- Leader: Keum Tae-sup Cho Seong-ju
- General Secretary: Jeong Ho-hee
- Founded: December 11, 2023
- Dissolved: April 23, 2024
- Split from: Democratic Party of Korea People Power Party Justice Party
- Merged into: Reform Party
- Headquarters: Room 808, Geukdong VIP Building, 15-1 Gukhoe-daero 70-gil, Yeongdeungpo-gu, Seoul
- Membership: 6,836
- Ideology: Centrist reformism Big tent Factions: Social liberalism
- Political position: Centre
- Colours: Mint Blue Pink
- Slogan: 성숙한 대한민국을 만드는 중도 대연합 정당 ('A moderate grand coalition party creating a mature Republic of Korea')
- National Assembly: 0 / 300
- Metropolitan Mayors and Governors: 0 / 16
- Municipal Mayors: 0 / 227
- Provincial and Metropolitan Councillors: 0 / 933
- Municipal Councillors: 0 / 3,034

Website
- www.newparty.kr (archived)

Korean name
- Hangul: 새로운선택
- RR: Saeroun seontaek
- MR: Saeroun sŏnt'aek

= New Choice =

2023-2024 political party in South Korea

New Choice was a South Korean political party founded around Keum Tae-sup, who left the Democratic Party of Korea in 2023. On 9 February 2024, the party announced a merger with Lee Jun-seok's Reform Party.
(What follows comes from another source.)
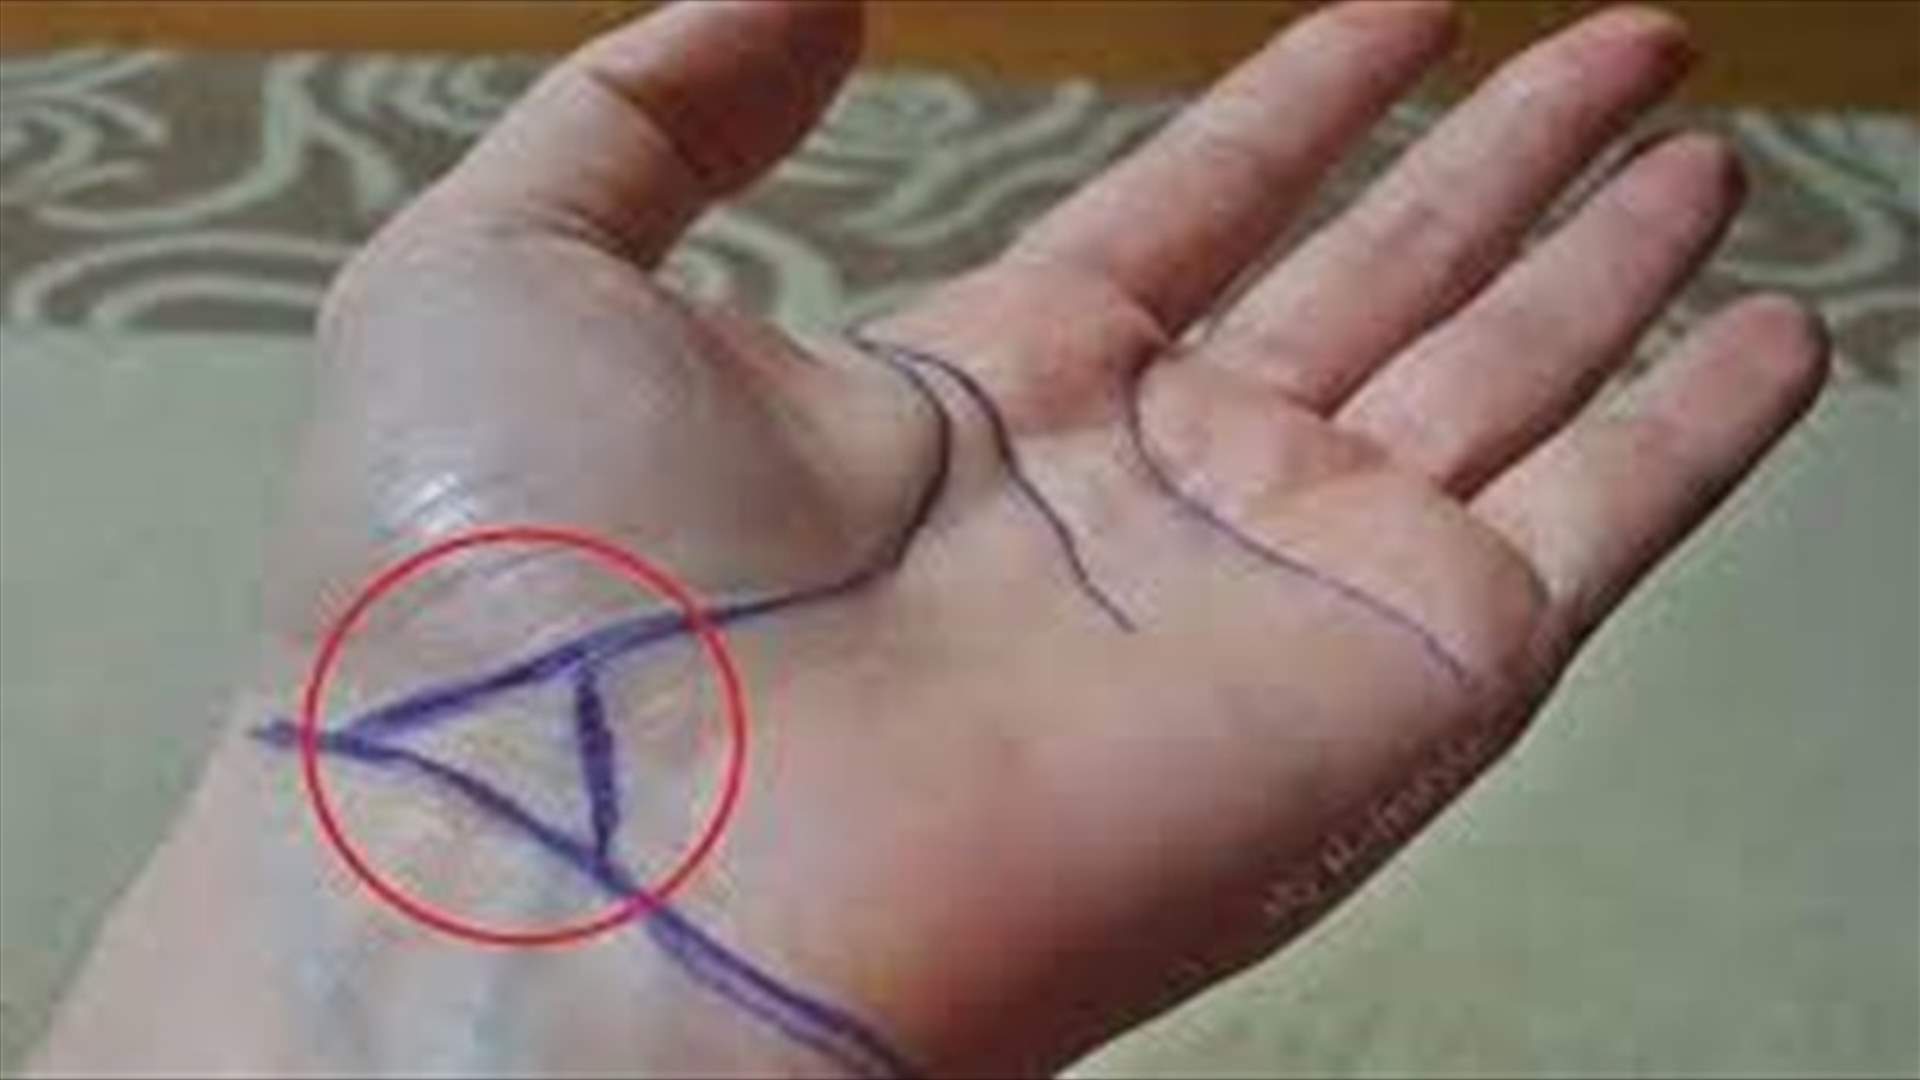 المثلث حول المعصم علامة مهمّة... إلى ماذا يرمز؟

Candidates for the New Choice Party ran under the Reform Party banner in the 2024 South Korean legislative election, and the formal merger process was completed after the election.

== History ==
In December 2023 Keum Tae-sup, Cho Seong-ju, Ryu Ho-jeong and others from the Third Power group, who were critical of both the Democratic Party and the People Power Party founded the party. Their aim was to create a "third way" political party that included both progressive and conservative reformers. Keum Tae-sup and Cho Seong-ju were elected as co-chairs of the party. Ryu Ho-jeong joined the party but remained in the Justice Party to encourage others to join the new political project and to prevent the loss of her proportional representation seat in the National Assembly. Keum Tae-sup said the party wanted to gain 30 seats in the 2024 South Korean legislative election.

In some party material on YouTube a cartoon character appeared, first in the video titled "탄핵 중독, 치료법이 있다" (Impeachment Addiction: There Is a Cure) and subsequently appeared in later videos too.